Established in 1983 to conduct research on consumer attitudes and buying behavior in Florida, the Bureau of Economic and Business Research Survey Research program has grown into a state-of-the-art survey research program conducting telephone, mail, web, in-person and mixed-mode surveys for university investigators, state and local agencies, and non-profit research centers.

Our Computer-Assisted Telephone Interviewing (CATI) survey lab has 93 stations, making it among the largest university-based survey units in the country. The survey facility is located in a secured building in downtown Gainesville, Florida. The CATI software used to conduct surveys uses Wincati sample management and Ci3 questionnaire authoring and runs on a Windows 2003 file server that is dedicated to this purpose in a virtual machine environment. No other IT services are run from this server. Backups are performed both on-site and off-site.

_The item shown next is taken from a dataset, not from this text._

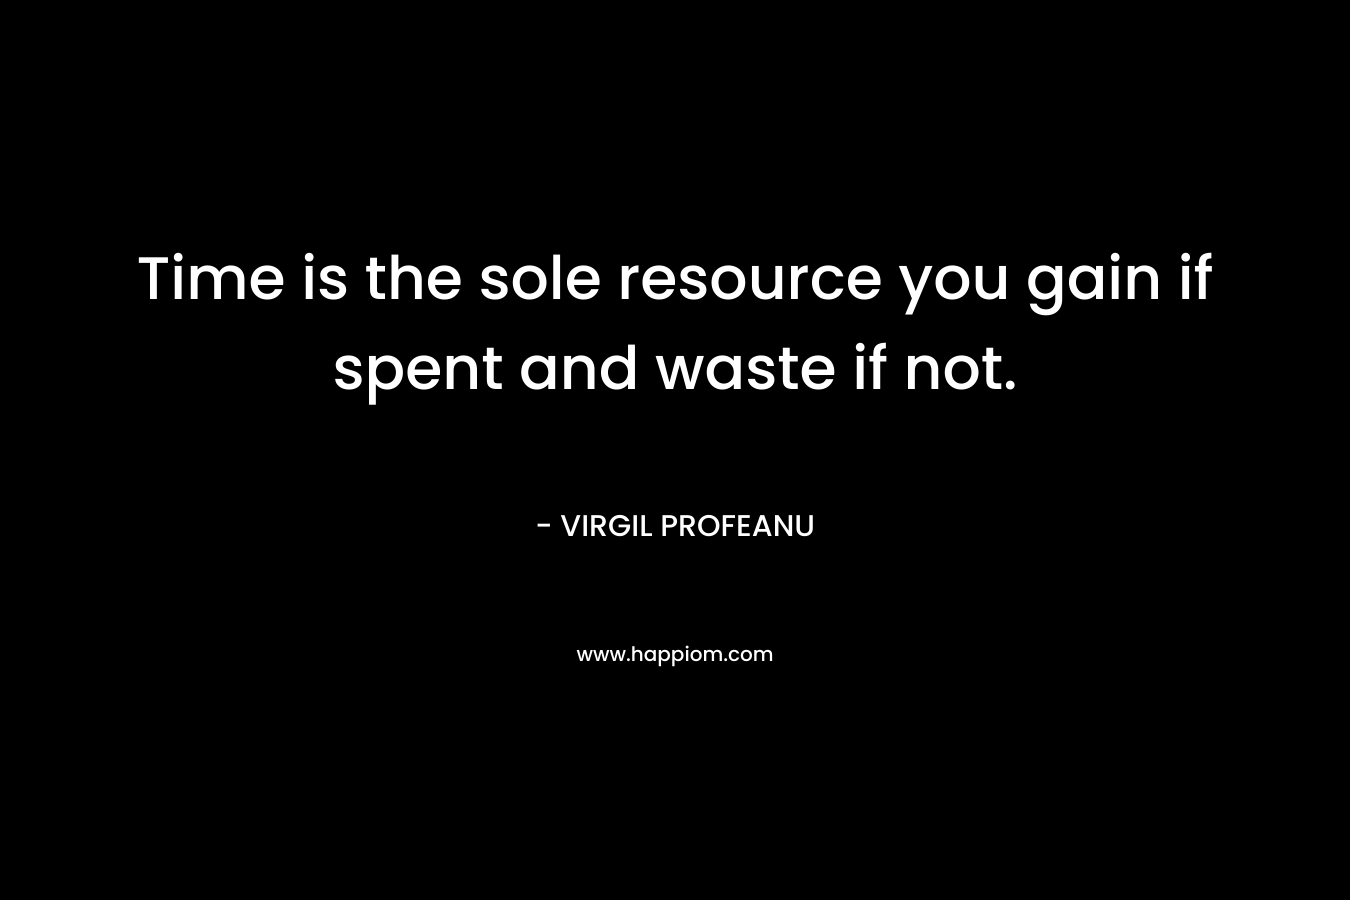 Time is the sole resource you gain if spent and waste if not.
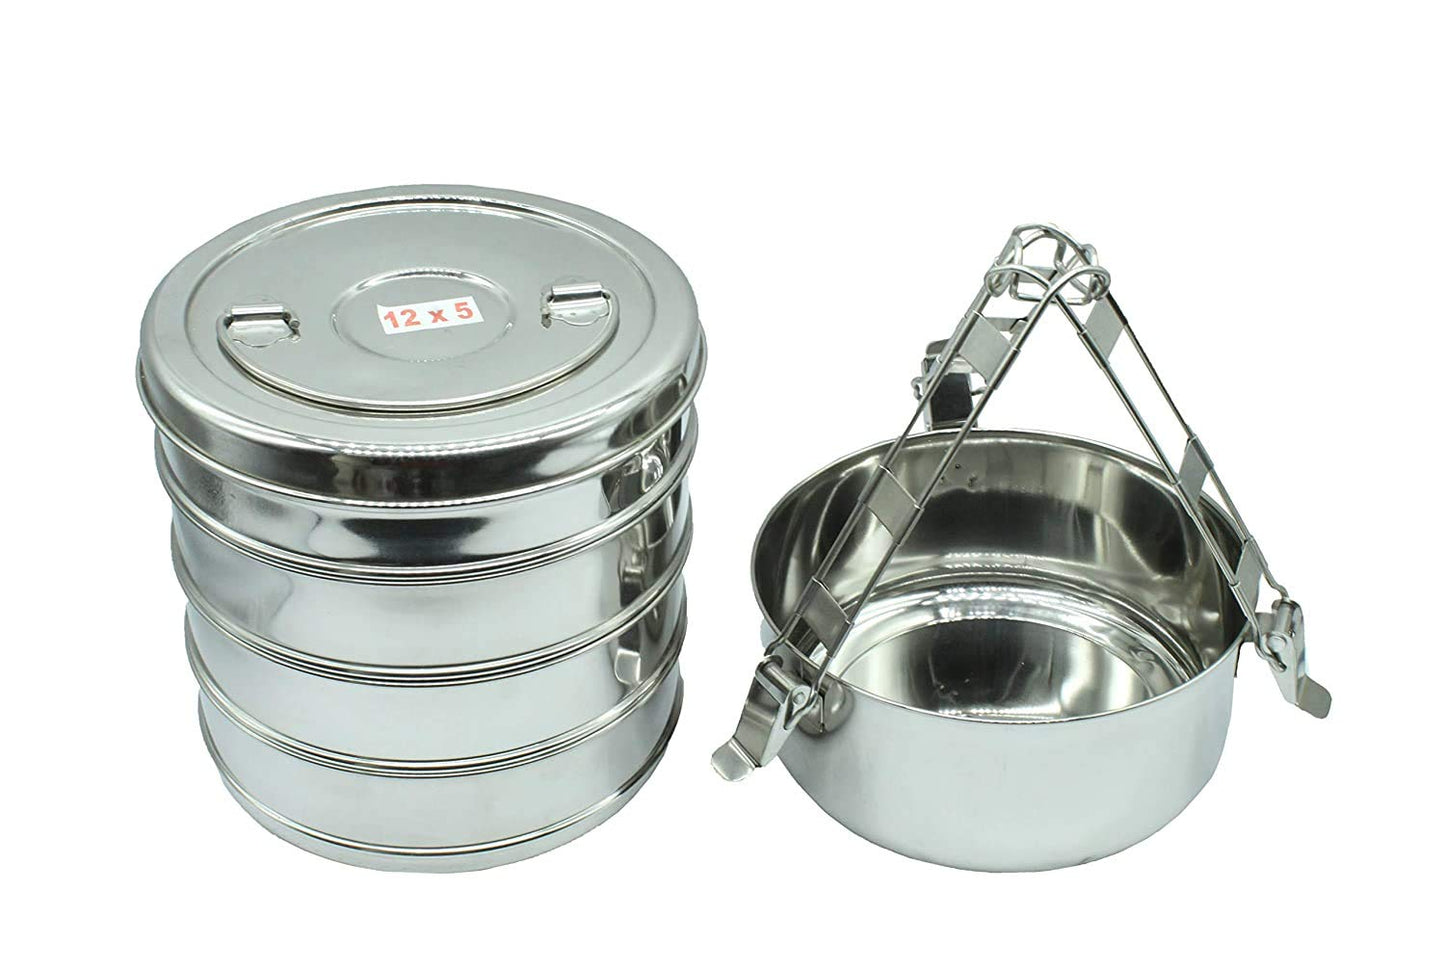 Stainless Steel 5 Tier Lunch Box | Tiffin Box (Size: 12x5)

The state of the art VOIP telephone system uses Asterisk open source technology. This allows us to record 100% of the phone calls. Our system also facilitates live monitoring during shifts and allows clients to conduct real-time monitoring remotely. In addition, we have a toll-free number that is given to respondents if they have questions or concerns about any survey. The toll-free number is also used when interviewers leave answering machine messages.

A key component of the UFSRC management is our locally developed Java-based lab management software called Scheduler. This software tool sets the UFSRC apart from most survey labs in both the public and private sector. This software, written by UFSRC programmers, provides a fair and objective review of interviewer performance. Scheduler runs in the background and interfaces with Wincati, our licensed sample management program, to create an environment of ongoing, unobtrusive monitoring while optimizing the assignment of interviewers to various projects and ensuring that telephone numbers are called at the specified times. It handles many of the urgent tasks that typically fall to supervisors, so that they are free to focus on the more important issues of interviewing technique and nurturing new interviewers.

With 93 CATI stations, the number of interviewers on staff often exceeds 200, depending on survey load, which fluctuates throughout a given year. About 20-30 of these are fluent in both Spanish and English, including some supervisors. The UFSRC is one of the largest employers of students at the University of Florida, although over half of the interviewing staff is non-student. This gives us the benefits of having an interviewing force that is educated and enthusiastic, while maintaining continuity without risk of “gaps” during school breaks. Our interviewer corps is ethnically diverse and balanced by gender.

The security of data collected is a priority for UFSRC. We have an onsite IT staff plus three BEBR staff members who are able to help with any issue that may arise. Servers are kept in locked racks, behind three sets of locked doors. A router is configured with narrow access control lists that allow access only from the campus network. The survey research databases cannot be directly accessed from computers outside our local area network. All client computers are connected to managed switches that are monitored to detect unauthorized access 24 hours a day, seven days a week by the BEBR IT department.